Zahlreiche Gedenkstätten wurden errichtet mit der Gelben Schleife als Trauersymbol. An der Danwon High School wurden Stille-Klassenzimmer eingerichtet, die noch mindestens ein Jahr einzig dem Zweck des Gedenkens dienten. Mit Fotos, Blumen, Briefen und Geschenken wurden die Plätze der Schüler von Angehörigen und Freunden gefüllt. In der Stadt Seoul finden sich verschiedenste Gedenkstätten, eines der größten befand sich auf dem bereits erwähnten Gwanghwamun-Platz mit vierzehn Zelten. Erst nach fünf Jahren wurde es abgebaut und soll durch ein kleineres Denkmal ersetzt werden.

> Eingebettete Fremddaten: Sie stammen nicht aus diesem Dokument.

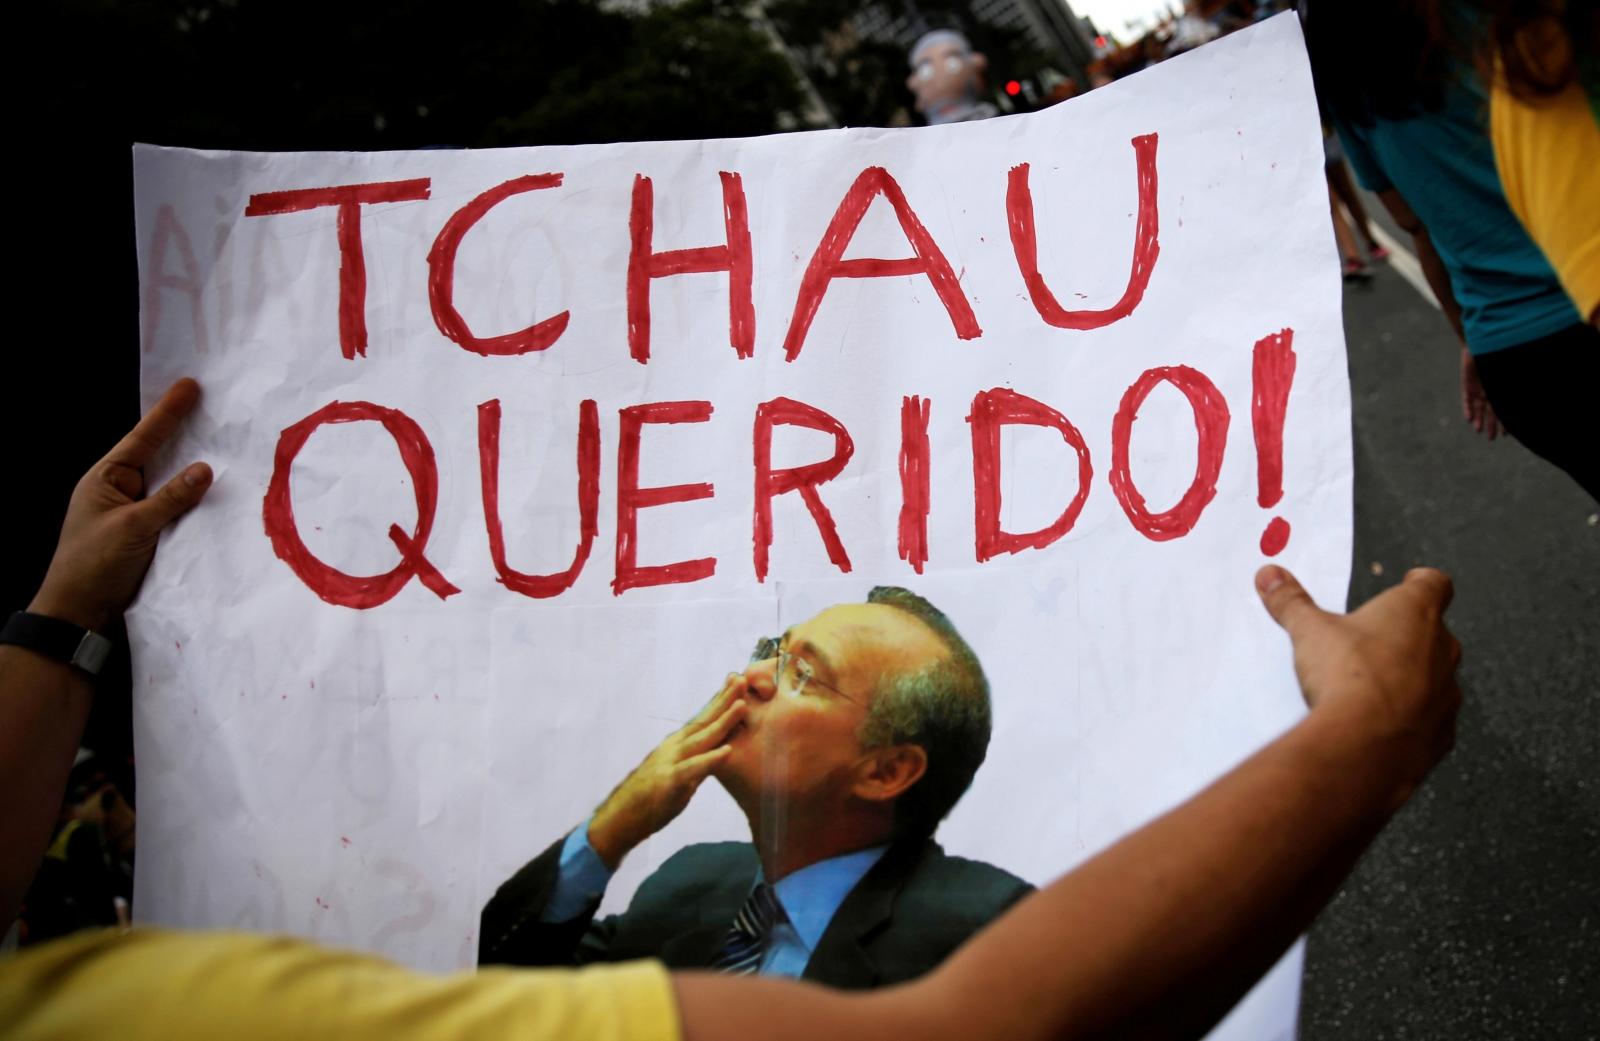 Brazil Senate President Renan Calheiros

Als ich mich mit meinen koreanischen Freunden vom Denkmal am Gwanghwamun-Platz entferne, sehe ich einen Gelbe Schleife-Anhänger an der Handtasche Juhyes. Nicht nur sie, auch viele weitere Südkoreaner tragen sie, um sich der Opfer zu erinnern. Fünf Jahre standen die Denkmäler; durch ihr Entfernen verschwanden zwar die öffentlichen Erinnerungen an die Sewol-Katastrophe, in den Herzen der Südkoreaner bleibt sie jedoch unvergessen. Das Schlusswort überlasse ich Juhye, die mir kurz vor dem fünften Jahrestag der Katastrophe folgendes sagte:
„Der 16. April rückt näher… Die Menschen werden bald traurig sein. Viele können die Erinnerungen immer noch nicht loslassen. Ich auch nicht. Immer wenn ich ein Video über die Sewol sehe, fange ich sofort an zu weinen. Ich denke, die meisten Südkoreaner haben von der Sewol-Katastrophe eine Narbe in ihrem Herzen davongetragen.“ (Juhye Park)
Weitere Hintergründe zu Gründen des Sinkens und weiterem Vorgehen nach der Katastrophe gibt es in Teil 2.
Widmung
Opfer der Sewol, wir vergessen euch nicht!
세월호 희생자를 기리며, 우리는 절대 잊지 않겠습니다.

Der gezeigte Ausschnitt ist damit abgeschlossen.